A decisão foi proferida pela juíza Paula Narimatu de Almeida, da 13ª Vara da Fazenda Pública do Tribunal de Justiça do Estado de São Paulo. No despacho, a magistrada determinou a suspensão do “Programa Escola Cívico-Militar do Estado de São Paulo” e dos guias de Conduta e Atitude dos Alunos, Uso do Uniforme e do Projeto Valores Cidadãos.

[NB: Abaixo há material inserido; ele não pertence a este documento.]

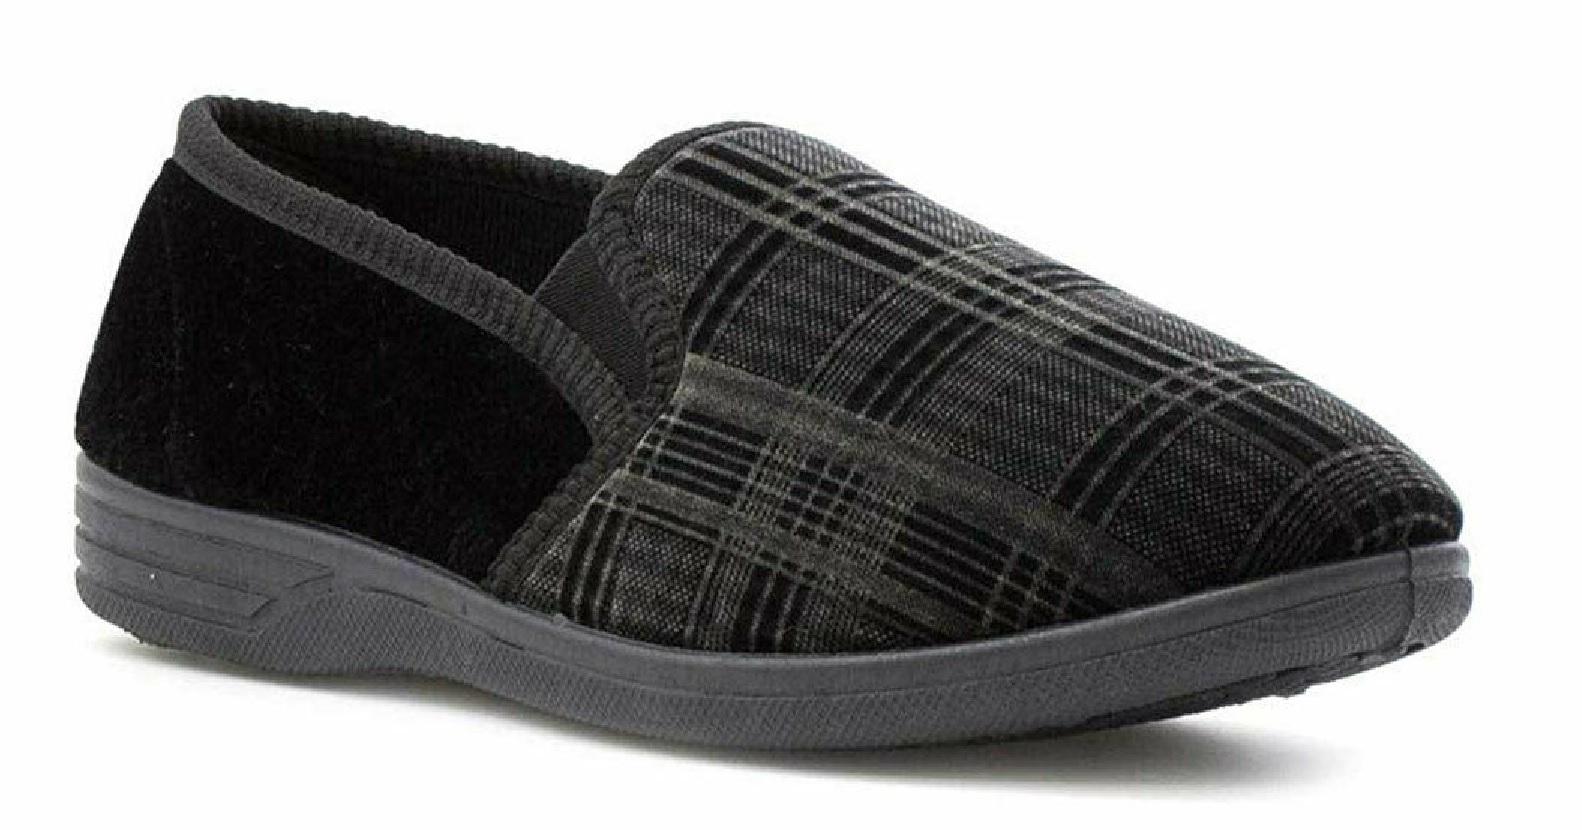 George Asda Mens Low Heel Slip on

A liminar atende a uma ação civil pública movida pelo Ministério Público do Estado de São Paulo e pela Defensoria Pública do Estado de São Paulo. Segundo os autores da ação, as normas conferem aos monitores militares atribuições que extrapolam aquelas previstas em lei.

Na decisão, a juíza aponta que determinadas regras são “particularmente graves” e podem gerar discriminação, especialmente contra estudantes de grupos minoritários. Como exemplo, ela cita a proibição de tranças específicas ou de cortes de cabelo que não sejam considerados “discretos”.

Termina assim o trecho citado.